# New Baby Tucker



## wagirl98665 (Jan 5, 2006)

Wanted to introduce my new baby boy Tucker. I got him from a rescue on Dec.22nd. I was told he's around 2 1/2 and owner didn't have time for him. He's a real sweetie pie and very well trained. He loves toys, clothes and lots of hugs and kisses. He was pretty dirty when I got him and looked like it had been several months since his last bath. He also came with a couple of fleas, but I treated all the kids with Frontline and solved that problem. Now that Buddy has shown him who the boss is, they all get along great. His name was Homer, but I couldn't handle that so with keeping the (er) on the end I re-named him Tucker. Hope I can remember how to post pics. :w00t:

http://spoiledmaltese.com/forum/attachment.php?attachmentid=92923&stc=1&d=1293739399

http://spoiledmaltese.com/forum/attachment.php?attachmentid=92924&stc=1&d=1293739399

http://spoiledmaltese.com/forum/attachment.php?attachmentid=92925&stc=1&d=1293739399


----------



## Lindy (Mar 25, 2009)

Congratulations on your new boy!


----------



## joyomom (Jan 13, 2008)

Awww he is very sweet and cute!

Congratulations on your Tucker!


----------



## socalyte (Nov 15, 2010)

What a wonderful holiday gift to Tucker and you! He looks like a doll, enjoy! So happy you found room in your heart and home for that precious fluff.


----------



## SammieMom (Nov 13, 2010)

Sammie says welcome sweet Tucker :wub: He has found all the love and attention he deserves...:innocent:


----------



## revakb2 (Sep 8, 2006)

Congratulations on getting your new furever home, Tucker. You sure are a cute little guy. Welcome to our world at SM.


----------



## KAG (Jun 1, 2006)

Aww, Brenda. Tucker is a beautiful boy doll baby. I love his nosey. 
xoxoxoxooxoxoxo


----------



## maltlovereileen (Jan 19, 2009)

Welcome little Tucker...you are a cutie!!! He looks so happy and content in his little yellow sweater!!!


----------



## Snowbody (Jan 3, 2009)

:happy dance:Look at Tucker.:heart: What a handsome boy he is. How could someone not have time for that face? :wub::wub: Thank you so much for opening your heart and home to him. And also thanks for not keeping the name Homer. All I can think of is the Simpsons and D-O-H. :HistericalSmiley: I'm happy everyone's getting along. Keep sharing pix of him. He's a heart stealer.


----------



## wagirl98665 (Jan 5, 2006)

KAG said:


> Aww, Brenda. Tucker is a beautiful boy doll baby. I love his nosey.
> xoxoxoxooxoxoxo



Kerry, so nice to see you and all your beautiful fluffs. I see you have 2 more then you did last time I was on the forum. They are all so sweet. It's so wonderful having Tucker and I agree, I love:wub: his big black, shiny nosey too!!


----------



## lori (Jul 8, 2008)

Tucker, you are one handsome dude!! :wub: And, it sure looks like you are settling in nicely for a lifetime of being pampered like the little prince you are!! Tell your Mommy that she is such a special angel for rescuing you!!


----------



## Canada (Jun 4, 2009)

Congrats on your adoption! :aktion033:
Tucker is adorable! 
He looks very sweet in his yellow jammies.


----------



## Maltbabe (Oct 10, 2010)

*ahhhh*

Tucker is a sweetie! congrats!!!


----------



## uniquelovdolce (Mar 10, 2010)

he is a cutie!


----------



## wagirl98665 (Jan 5, 2006)

Canada said:


> Congrats on your adoption! :aktion033:
> Tucker is adorable!
> He looks very sweet in his yellow jammies.

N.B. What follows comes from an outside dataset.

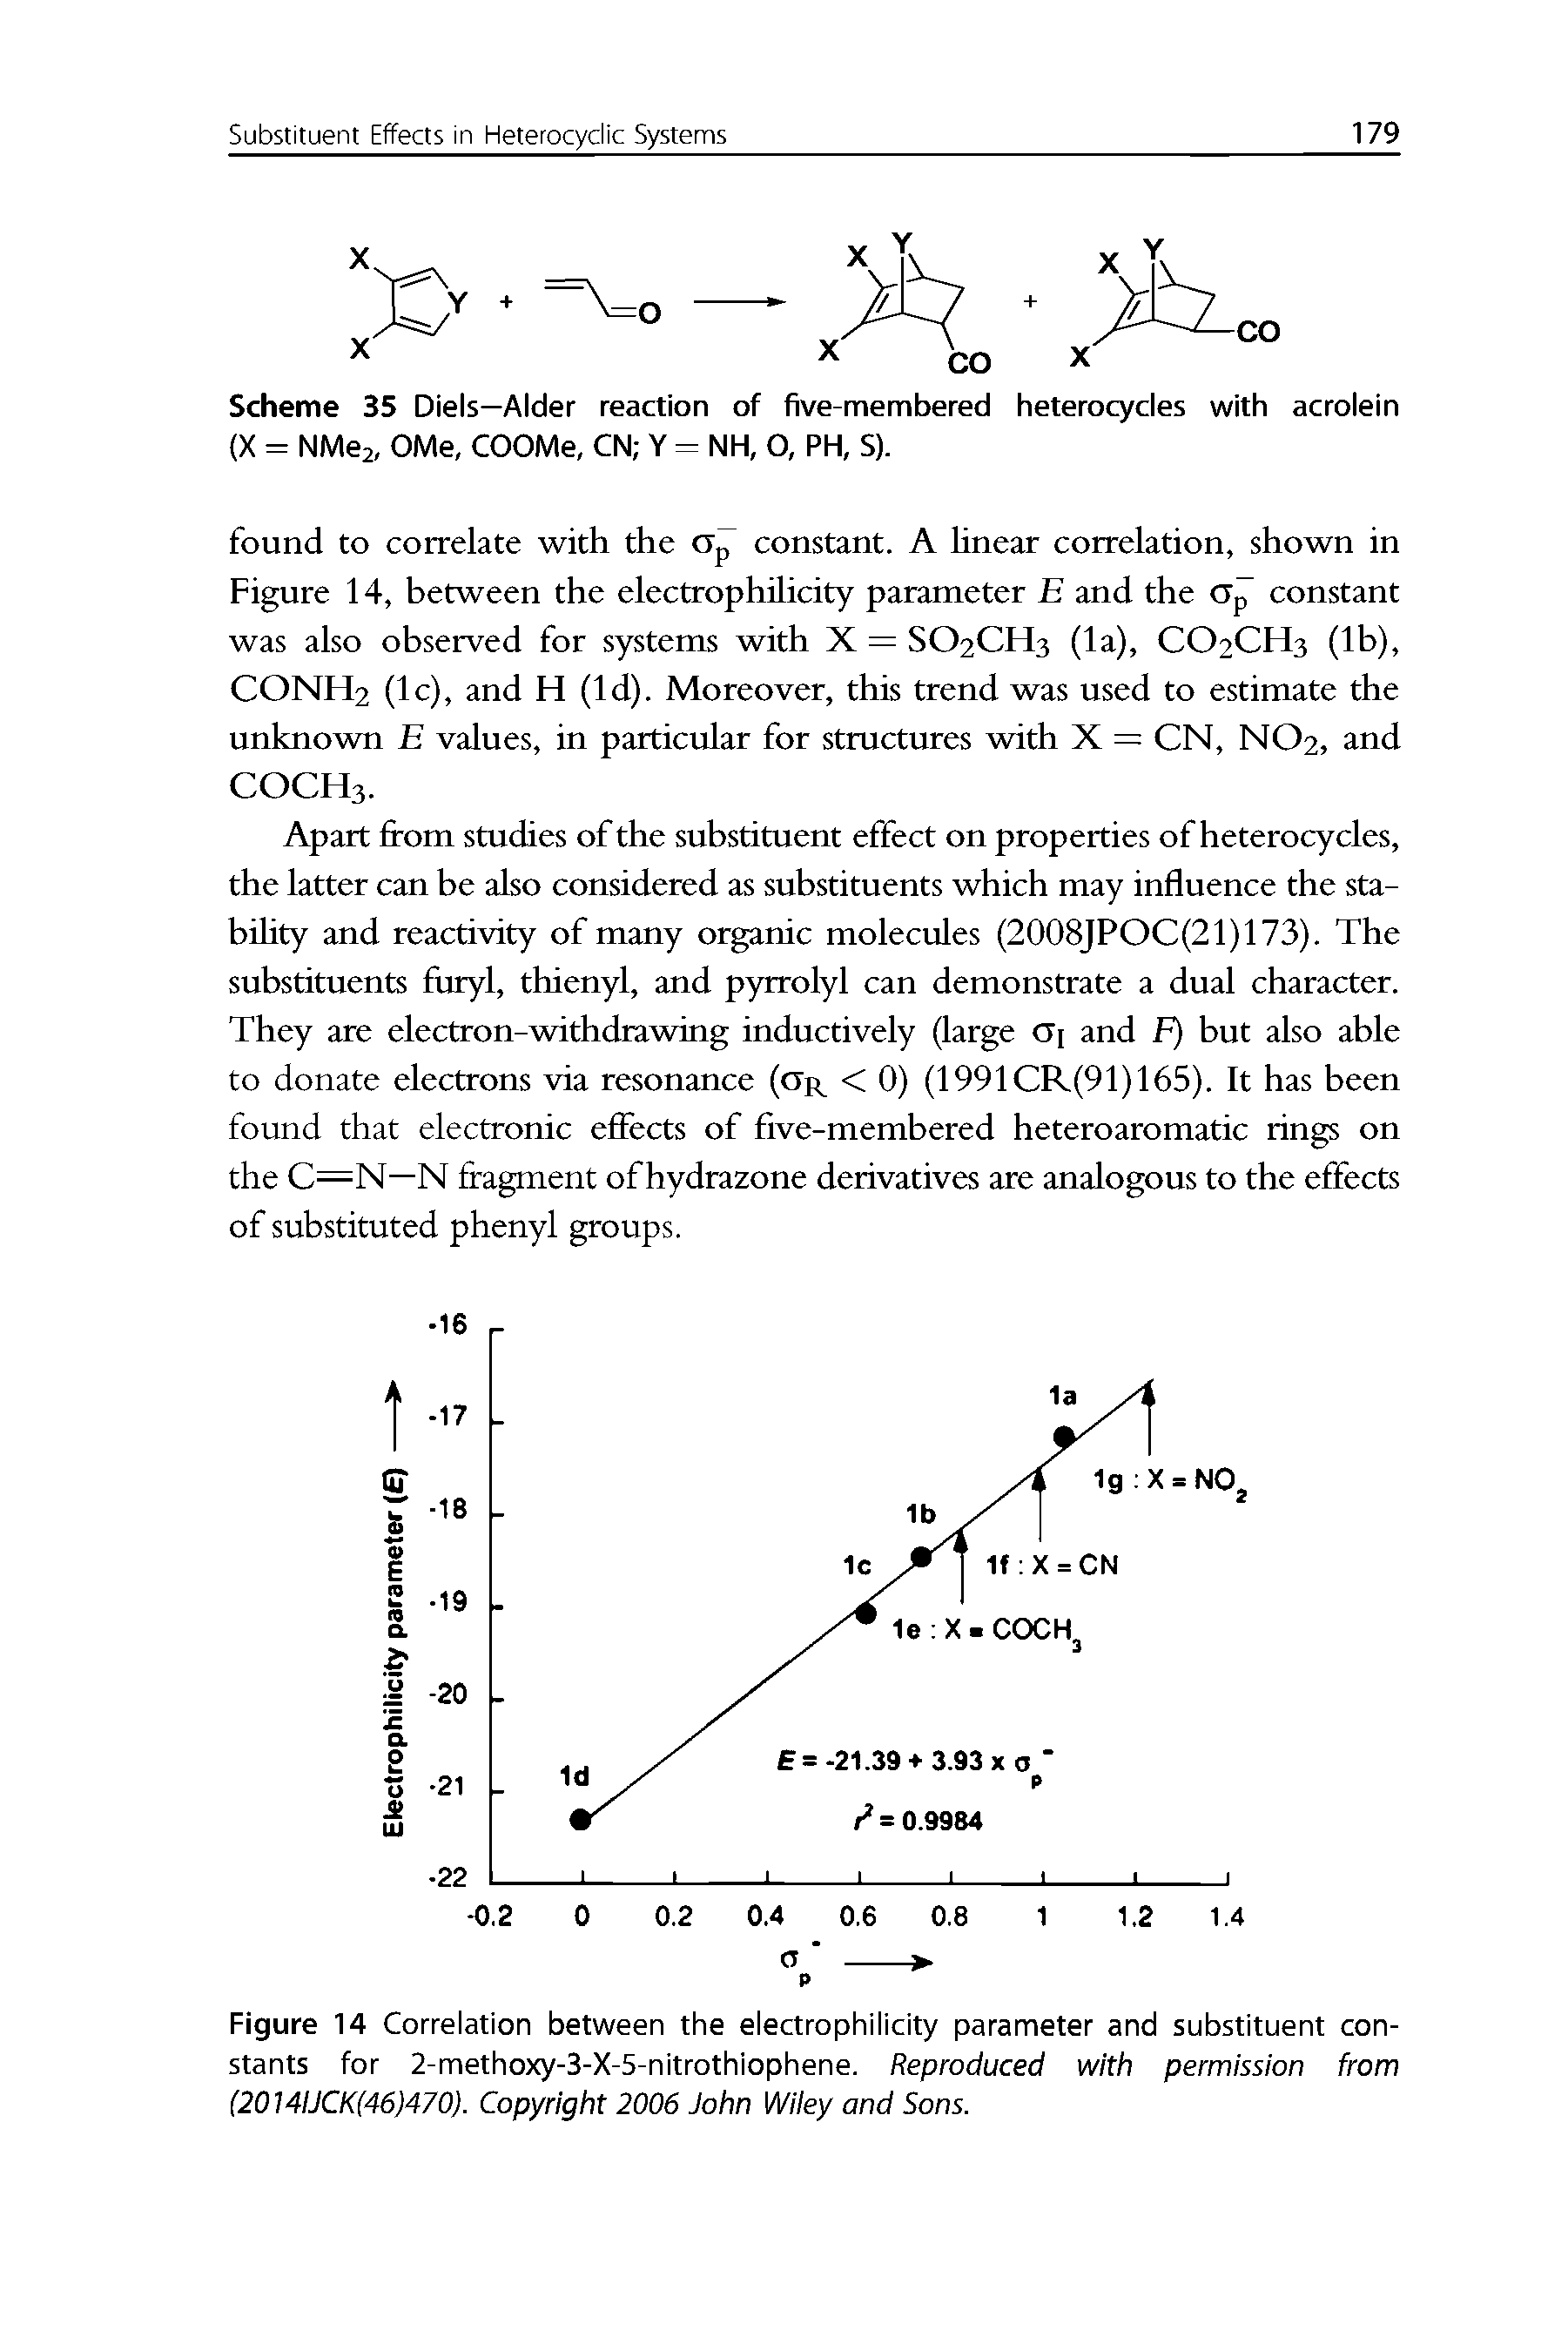 Figure 14 Correlation between the electrophilicity parameter and substituent constants for 2-methoxy-3-X-5-nitrothiophene. Reproduced with permission from (2014iJCK(46)470). Copyright 2006 John Wiiey and Sons.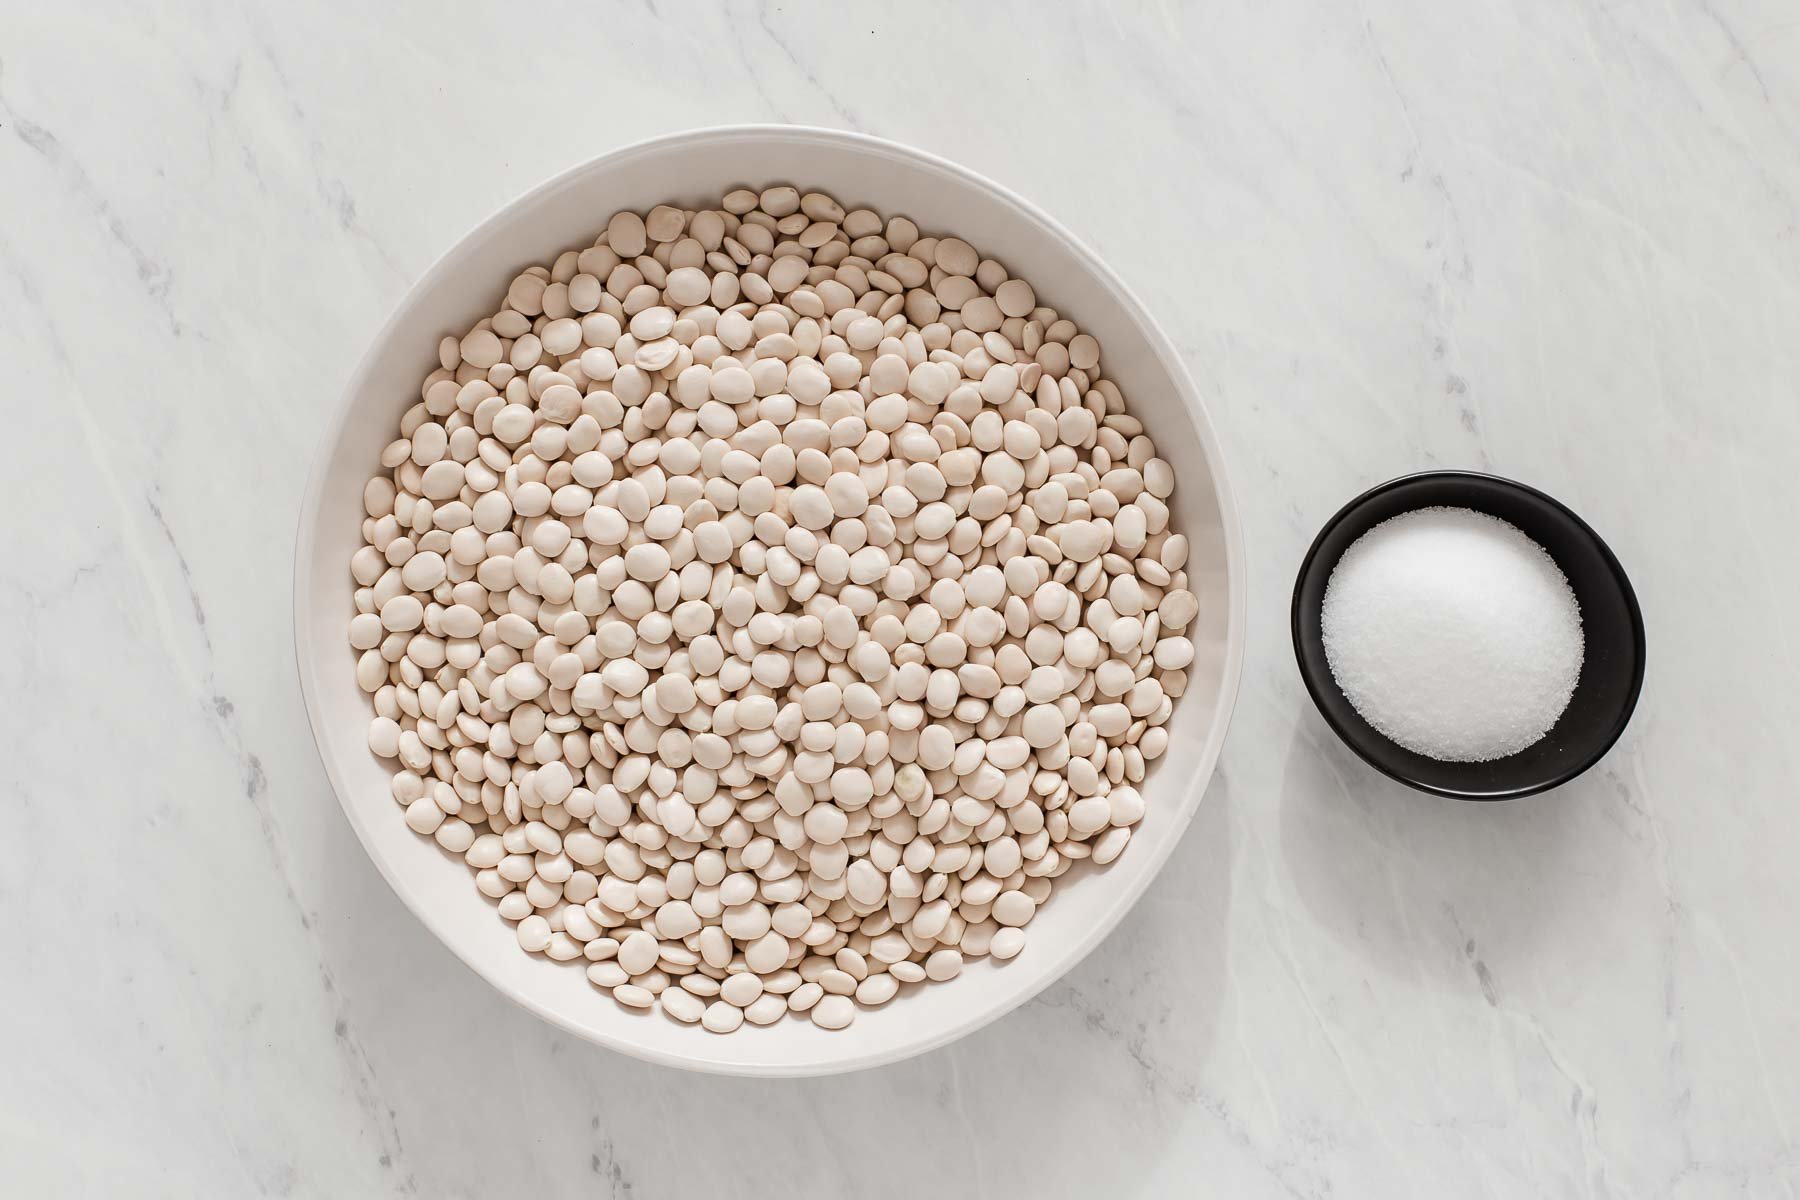 Bowl of dry white beans and small bowl of salt.

Aww Thank you. Yeah he loves his jammies!:thumbsup: sharp eye didn't think anyone would notice.:HistericalSmiley:


----------



## wagirl98665 (Jan 5, 2006)

Maltbabe said:


> Tucker is a sweetie! congrats!!!



Thanks so much Barbara, he is truly a sweetie!!


----------



## wagirl98665 (Jan 5, 2006)

uniquelovdolce said:


> he is a cutie!




Thanks so much!!


----------



## suzimalteselover (Mar 27, 2006)

He's adorable!!! Just look at his face, my heart is melting. :wub: Congratulations! I love the name Tucker, too.


----------



## Lacie's Mom (Oct 11, 2006)

What a wonderful and lucky little guy -- to have found a fabulous furever home.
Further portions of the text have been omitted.